Миё всё равно. Мысль о том, что она проснётся и увидит все те отметины, что оставляет Сумика, возбуждает её даже больше, чем должна. Она сама себя отрицает, осознавая это, и отбрасывает в сторону моральные устои.


Обнажённая грудь соприкасается с грубым материалом одежды, вызывая противоречивые ощущения, хотя, по-большей части, это даже чересчур приятно. Сумика снова целует её и Миё со страстью отвечает, кончиками пальцев держась за её бёдра и бессвязно что-то мыча в её губы.

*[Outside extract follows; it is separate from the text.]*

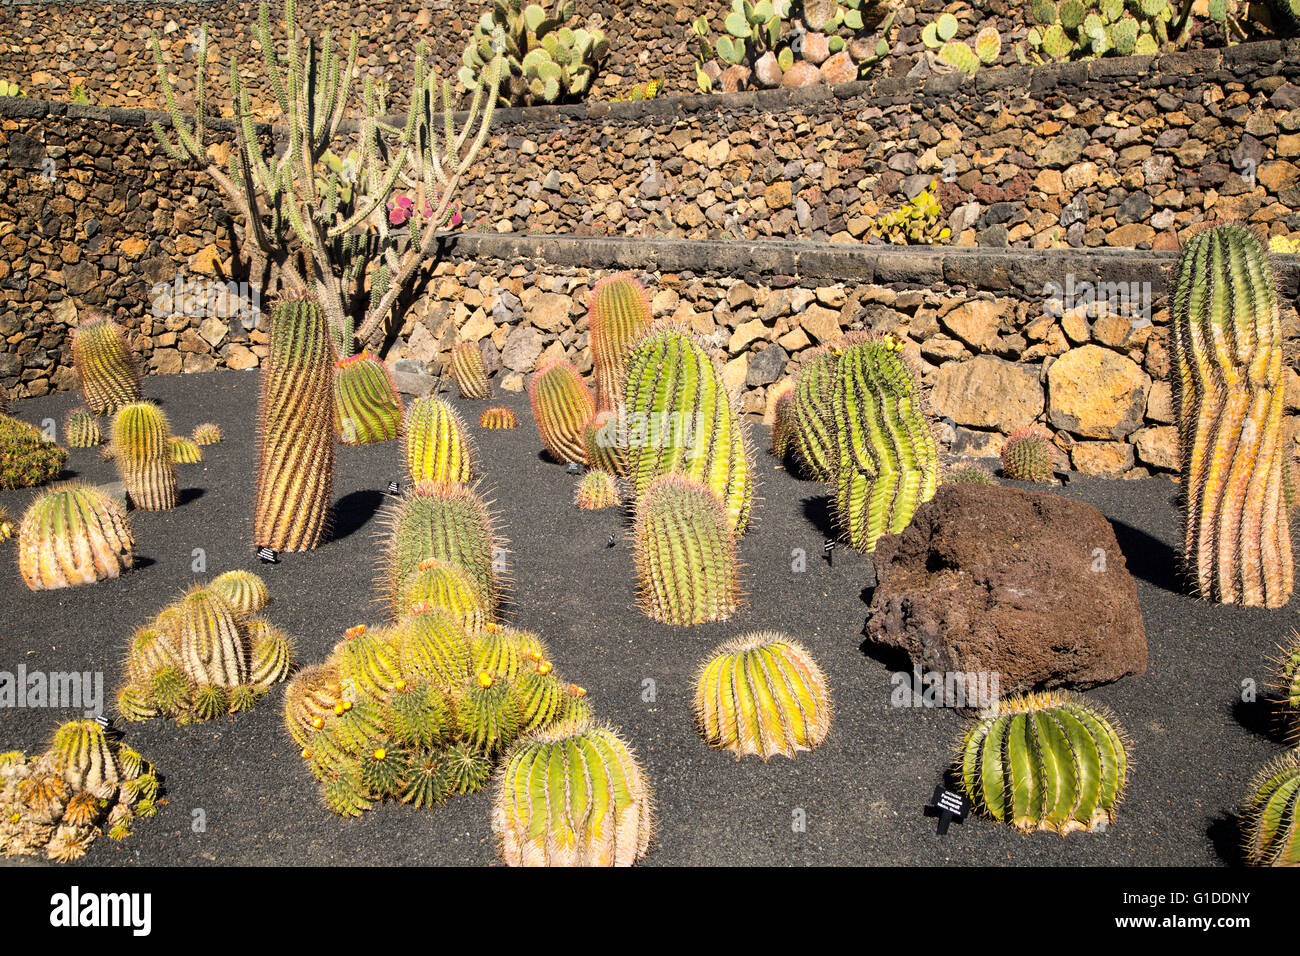 Dentro de las plantas de cactus jardín de cactus diseñado por César Manrique, Guatiza, Lanzarote, Islas Canarias, España. Foto de stock

— Вам не жарко в этом, Натари-сан? — дразнит она, чуть отстраняясь. Рывком дёргает за ворот и притягивает Сумику ближе, чтобы снова коснуться её губ своими. — Думаю, лучше это снять.


Аконит, овивающий зрачки напротив, практически горит, у Миё томительное желание сжимает под рёбрами. За секунды Сумика стягивает с себя водолазку и по её телу проходит дрожь, когда ледяные пальцы касаются нежной шеи.


— Разве так не лучше? — оглаживая руками плечи Сумики, Миё улыбается, замечая голодную, отчаянную жажду в её глазах.


Тонкие пальцы цепляют лямки бюстгальтера и Натари поддаётся, когда Миё наощупь находит застежку. Она не может устоять и отстраняется, чтобы полюбоваться женщиной перед собой. Представлять, какова Сумика, и трогать её — разные вещи, которые далеки друг от друга. Миё скользит мутным взглядом по плавным изгибам её тела, особенно красивого в этой загадочной полутьме, и воздуха откровенно не хватает. Сумика красивая до неприличия — хоть сейчас в анатомический театр. Миё ведёт рукой, чувствуя под пальцами мягкую кожу и с трудом веря, что это действительно происходит.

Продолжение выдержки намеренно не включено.